Ising annealer is a promising quantum-inspired computing architecture for combinatorial optimization problems. In this paper, we introduce an Ising annealer based on the Hamiltonian Monte Carlo, which updates the variables of all dimensions in parallel. The main innovation is the fusion of an approximate gradient-based approach into the Ising annealer which introduces significant acceleration and allows a portable and scalable implementation on the commercial FPGA. Comprehensive simulation and hardware experiments show that the proposed Ising annealer has promising performance and scalability on all types of benchmark problems when compared to other Ising annealers including the state-of-the-art hardware. In particular, we have built a prototype annealer which solves Ising problems of both integer and fraction coefficients with up to 200 spins on a single low-cost FPGA board, whose performance is demonstrated to be better than the state-of-the-art quantum hardware D-Wave 2000Q and similar to the expensive coherent Ising machine. The sub-linear scalability of the annealer signifies its potential in solving challenging combinatorial optimization problems and evaluating the advantage of quantum hardware.
Paper Structure (11 sections, 22 equations, 4 figures, 3 tables)

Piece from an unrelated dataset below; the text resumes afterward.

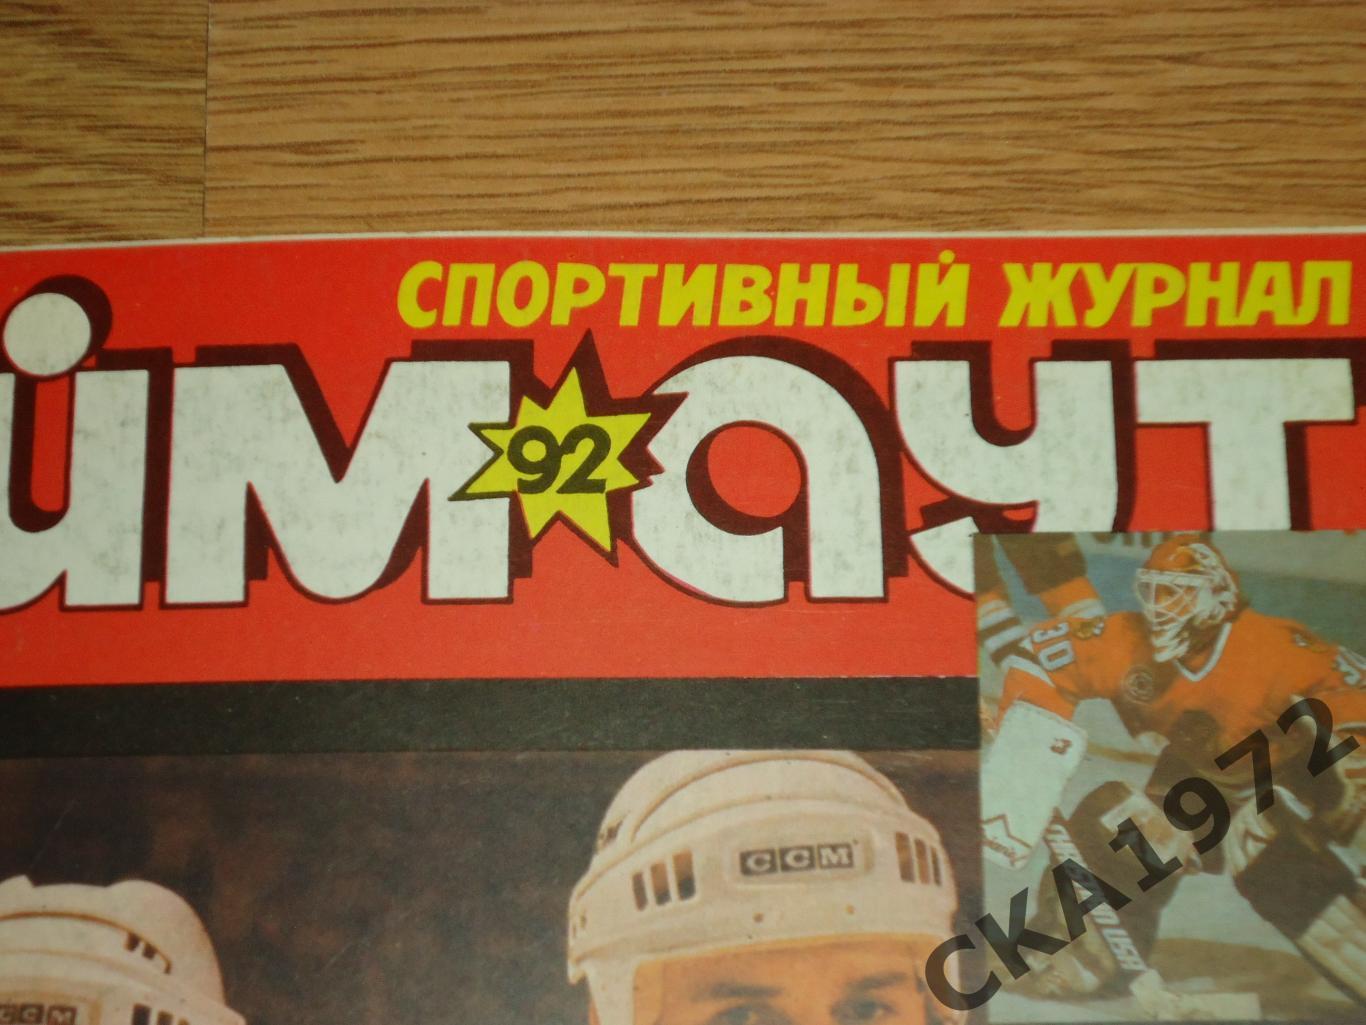 журнал Тайм аут №2 1992 Санкт-Петербург +++ 1

This paper contains 11 sections, 22 equations, 4 figures, 3 tables.

Figures (4)

  • Figure 1: (a) The relation between the energy landscape of the Ising problem and the probability of spin configurations, where a low energy signifies a high sampling probability according to the Boltzmann distribution. (b) HMC method allows a particle to slide on the energy landscape. The final location of the particle is the candidate sampling point and the initial position of the next round of sampling.
  • Figure 2: Schematic of two main blocks in the FPGA implementation. (a) The block that calculates $H(\bm x, \bm v)$. ADDER32 is a 5-stage pipelined logical block composed of 31 ADDER2s. (b) The block that calculates $\dot{\bm v}$. The main latency originates from computing the derivative of the sign function and Eq. (\ref{['quasi gradient']}).
  • Figure 3: The simulation results on different Ising annealers. With the dimension of the problem grows, the PHIA outperforms the other Ising annealers on all types of problems. The TTSs of the GAHMC are much larger than the other annealers, and thus are indicated with a different axis on the right with a different scale.
  • Figure 4: Data of CIM and DW2Q are borrowed from Hamerly2019benchmark. (a) The comparison of TTS on 3 types of problems. $\rm TTS_{PHIA}$ is the TTS of PHIA. (b) Performance of PHIA on various combinatorial optimization problems.